— Я тебя спасу! — крикнула бесстрашно Даша.
— От кого? Я папе напишу, и он все ваше Златоборье отдаст Матрене Чембулатовне.
— Я тебя спасу! — упрямо прошептала девочка. Антоша услышал и захохотал.
— Ты себя спаси сначала! Себя!
За его спиной захихикали и даже, кажется, захрюкали. Даша повернулась и побежала напрямки — к Певун-ручью, чтоб перебрести на мелком месте и скорее домой. Может, дедушка вернулся? Об Антоше Даша так рассуждала: «Ничего бы страшного, если бы он перешёл жить к другим людям. Но ведь люди эти — Завидкины! Дня у них не прожил, а говорит уже, как Завидкин».
Дунул ветер. Принёс запах свинофермы Завидкиных. Свиноферма располагалась в стороне от Муромки, в недостроенном свинарнике. Здание было круглое, просторное. Не достроили его потому, что старый колхоз захирел. Председатели менялись так часто, что их ни по имени-отчеству не знали, ни в лицо. Муромка опустела. Дешевле было забыть о стройке. И о ней забыли.
Даше почудилось, что свинья хрюкает. Обернулась — она! И поросенок сбоку трусит. Даша сделала вид, что не приметила погони. А сама скорей да скорей, да во всю прыть.

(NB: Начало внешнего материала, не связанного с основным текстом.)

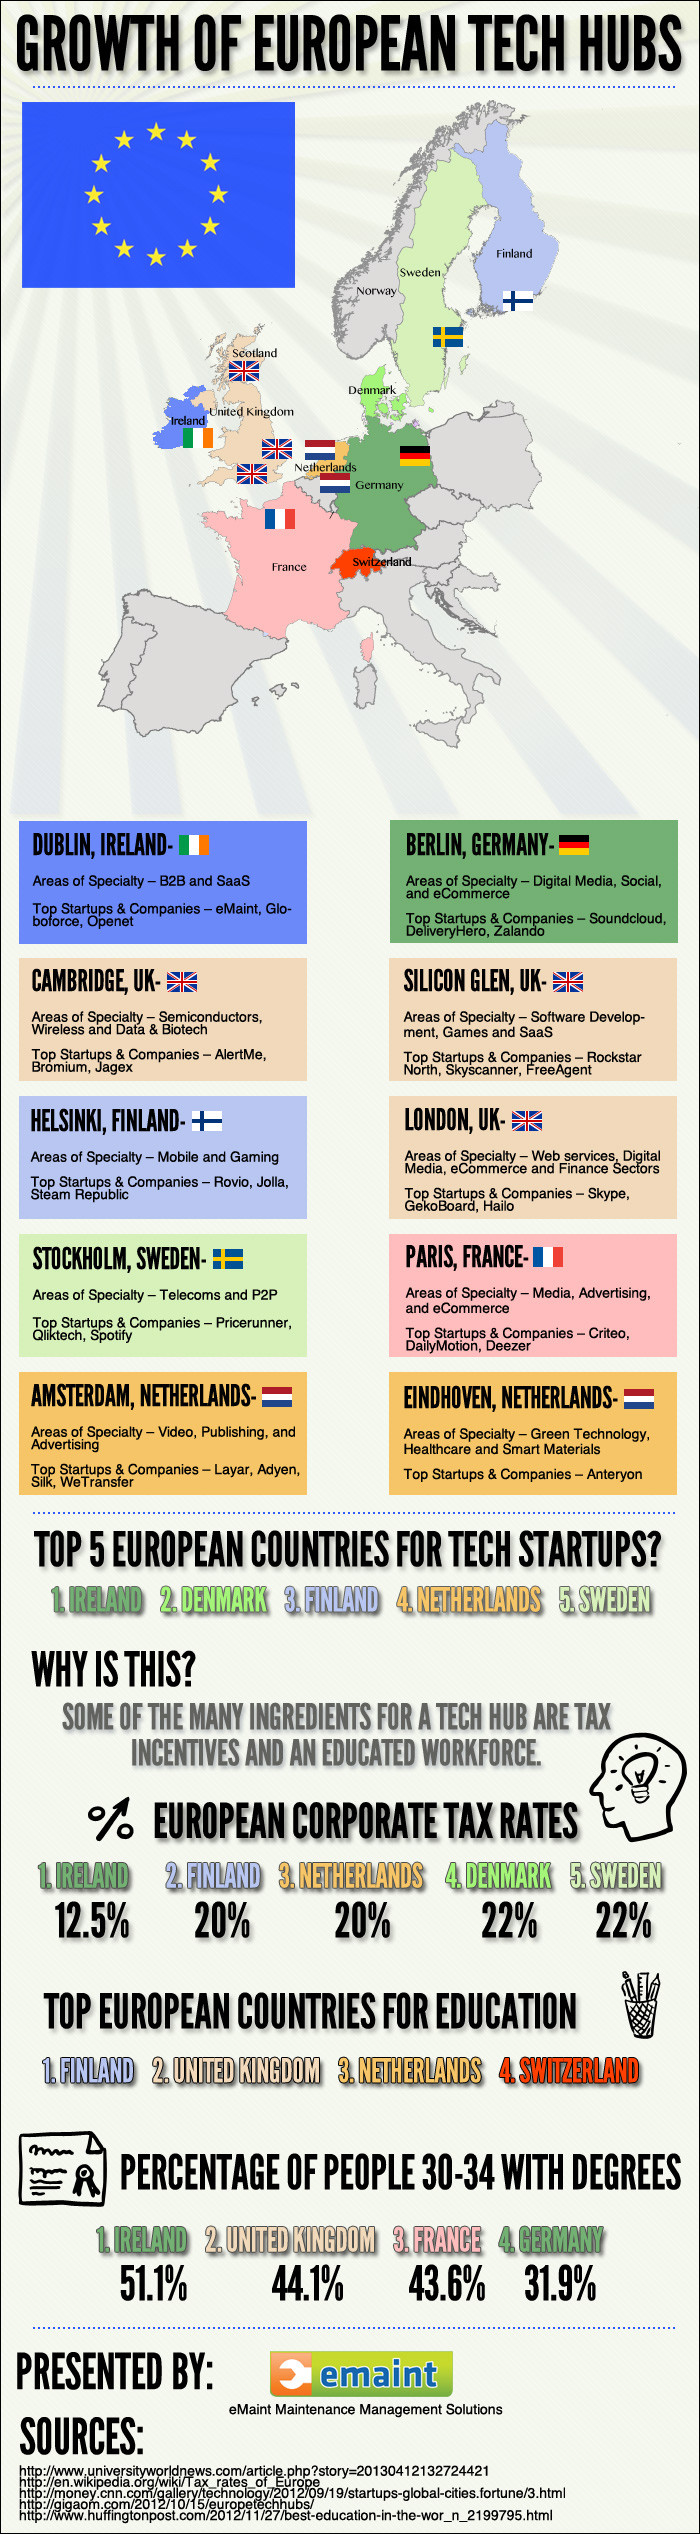 Crescimento da imagem infográfica dos Tech Hubs europeus

Сторожка вон ещё где! Глянула Даша через плечо: рысью бежит свинья. Мордой по земле водит, следы Дашины снюхивает. Поросёнок как припустит вдруг со всех поросячьих ног. Даша споткнулась со страха. Но нет, не упала. Бежит уж совсем без памяти. Поросенок под ноги кидается, толкает. Даша треснула его пяткой — заверещал, озлобился, того гляди с ног собьёт. А свинья уже совсем близко. Клыки жёлтые, пена с клыков.
Бежит Даша, а сама пытается слова дедушкиного заклятья вспомнить, и опять в голове пусто. За колечко медное ухватилась.
— Ворон, где ты?
Поотстал топот. Оглянулась Даша, а ворон сел свинье на голову и глаза ей крыльями застит. Но поросёнок опять тут как тут. Наподдал Даше, она кубарем, да руками-то за крыльцо ухватилась. На четвереньках — в сени, дверь на запор!
НОЧЬ
Даша проснулась среди ночи. Кошка когтями по окну скребла.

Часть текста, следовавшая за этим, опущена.